To avoid this problem, after configuring the template, create a copy where you will execute sysprep. Thus, if you need to make changes to the template, you can make them on the original (which has not gone through the generalization/activation cycle) and repeat the procedure on new copies as often as necessary.

 

When you run sysprep us the following window:

Figure 8 The System Preparation Tool

 For the task at hand, we will select "Enter System Out-of-Box Experience (OOBE)", "generalize" and "Shutdown". Pressing "OK", the process of generalization is made, then the guest will turn off. From here we can turn it into a template.


New from Windows 8 / Windows Server 2012

From Windows 8 / Windows Server 2012, the sysprep command supports a new option mode, only from the command line. By passing the parameter "/mode:vm" hardware information will not be removed, so that subsequent boot are noticeably faster. However, all clones must run on machines with the same hardware profile. The complete command line would be:
> sysprep.exe /generalize /oobe /shutdown /mode:vm

 

Answer File

When we have prepared a template with sysprep, we can use an answer file to automate the initial configuration at the next boot. That file is searched in a series of predefined paths. In particular, one of which is " A:\unattend.xml " ( Implicit Answer File Search Order No. 4). For that reason, desktop policies have a field to set up a file /flexvdi/local as answer file. If this file exists, the flexVDI Host Agent will copy it into a floppy disk in each volatile clone, renamed to "unattend.xml", so that it can be used to automatically configure the clones. In addition, you can use the following three variables within the file, which will be replaced by flexVDI Host agent before inserting it into the floppy disk, with specific values for each volatile:

  • WINDOWSDOMAIN is replaced by the domain specified in the policy Windows desktop.
  • COMPUTER is replaced by the name of the volatile. This name is generated in one of two ways:
    • vxxxxxxxx, where x represents the number of volatile (the guest name suffix that appears in the session table VDI).
    • An arbitrary name assigned in the LDAP attribute that defines the possible policies a user's desktop in the form "computer = xxxxx" as if it were a political more.
  • VDIUSER is replaced by:
    • uxxxxxxx, if the volatile has been precreated (done when the field "Precreated desktops" in the Desktop Policy is greater than 0), where x is the number of volatile. Precreation makes the specialization and activation of the desktop happen before the user logs in.
    • The name of the user who has been authenticated in flexVDI if the desktop has been created as a result of that request.

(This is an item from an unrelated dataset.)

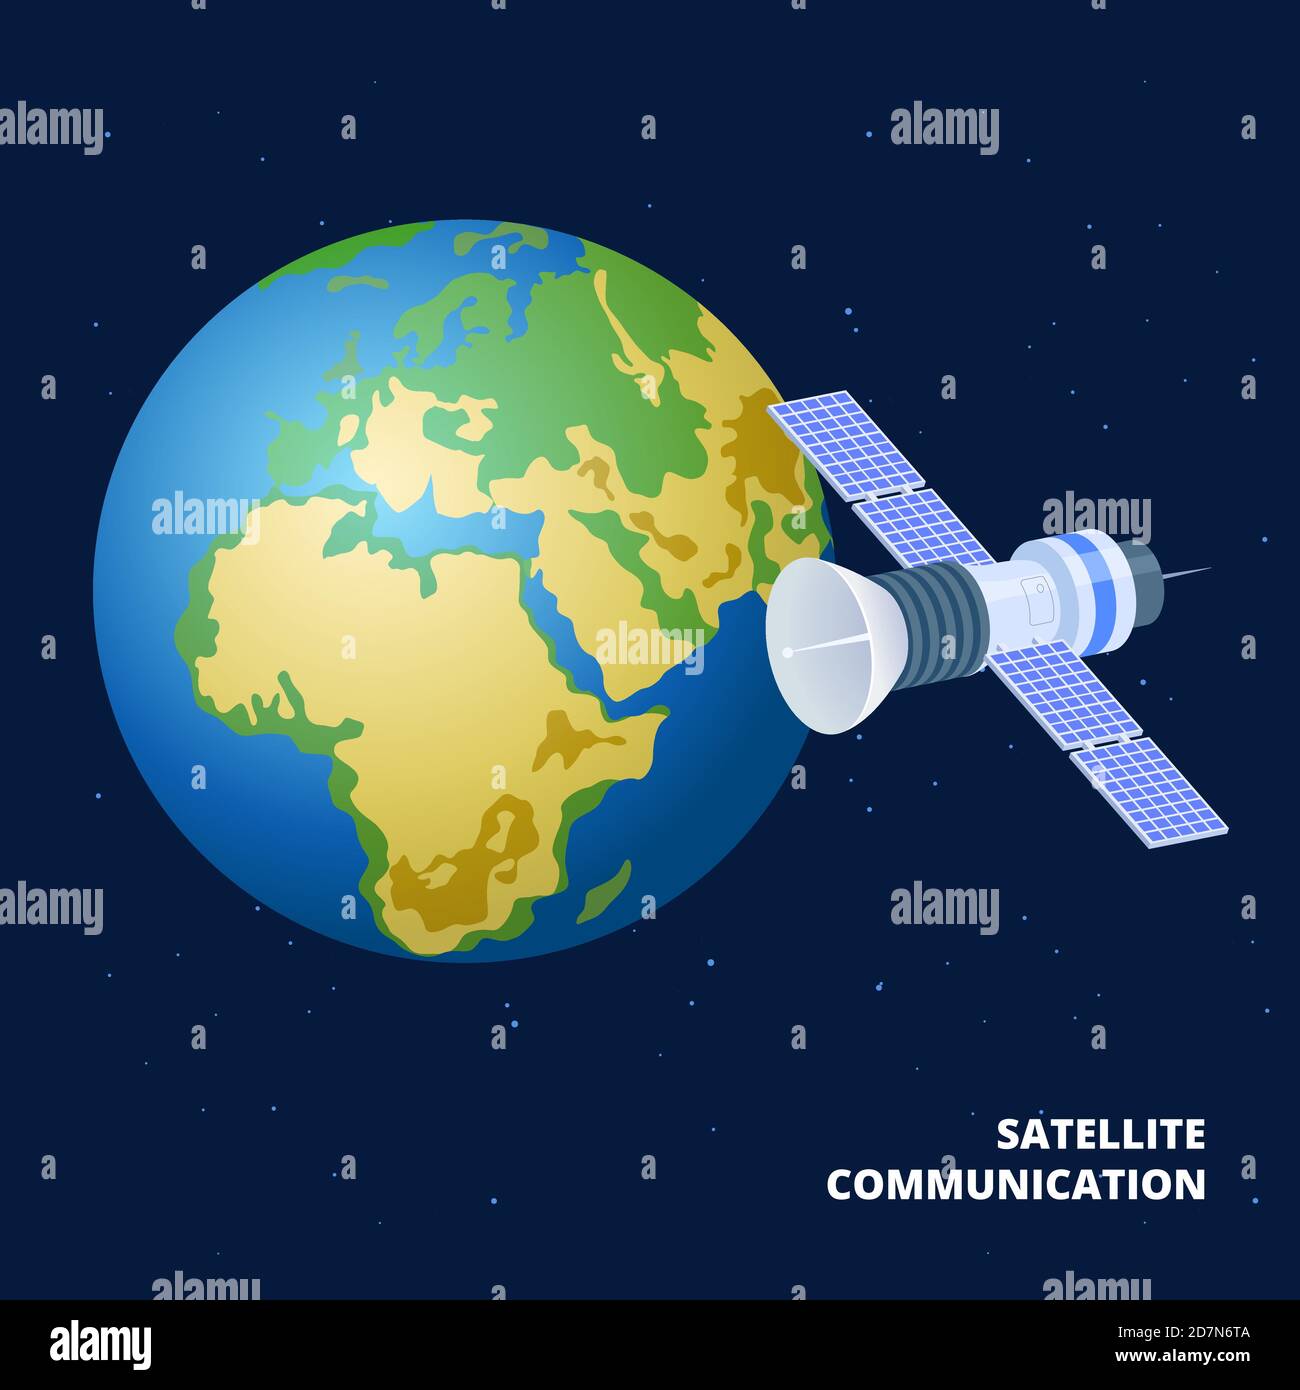 Satellitenkommunikation isometrische Vektordarstellung. Raumschiff und Erde. Satellit für Kommunikation global, Station äußeren Kosmos für imternet Stock Vektor

The format of this file is XML. It describes the actions and values to be applied in the different Windows configuration passes   during startup. Its format is similar to the following:

unattend.xml

 

<?xml version="1.0" encoding="UTF-8"?>
<unattend xmlns="urn:schemas-microsoft-com:unattend">
    <settings pass="...">
        <component name="..." processorArchitecture="amd64" publicKeyToken="31bf3856ad364e35" language="neutral" versionScope="nonSxS" xmlns:wcm="http:/
/schemas.microsoft.com/WMIConfig/2002/State" xmlns:xsi="http://www.w3.org/2001/XMLSchema-instance">
            ...
        </component>
        ...
    </settings>
    ...
    <cpi:offlineImage cpi:source="..." xmlns:cpi="urn:schemas-microsoft-com:cpi" />
</unattend>

 

The tag settings includes a set of components that will be applied during a certain phase of the installer, specified with the attribute pass .

The tag component specifies a component of the installer, and the properties that it will be automatically assigned. The  processorArchitecture attribute indicates to which architecture is applied this section. The remaining attributes are fixed. You can duplicate each component tag, using a different architecture (x86 or amd64) in each one, to be used always.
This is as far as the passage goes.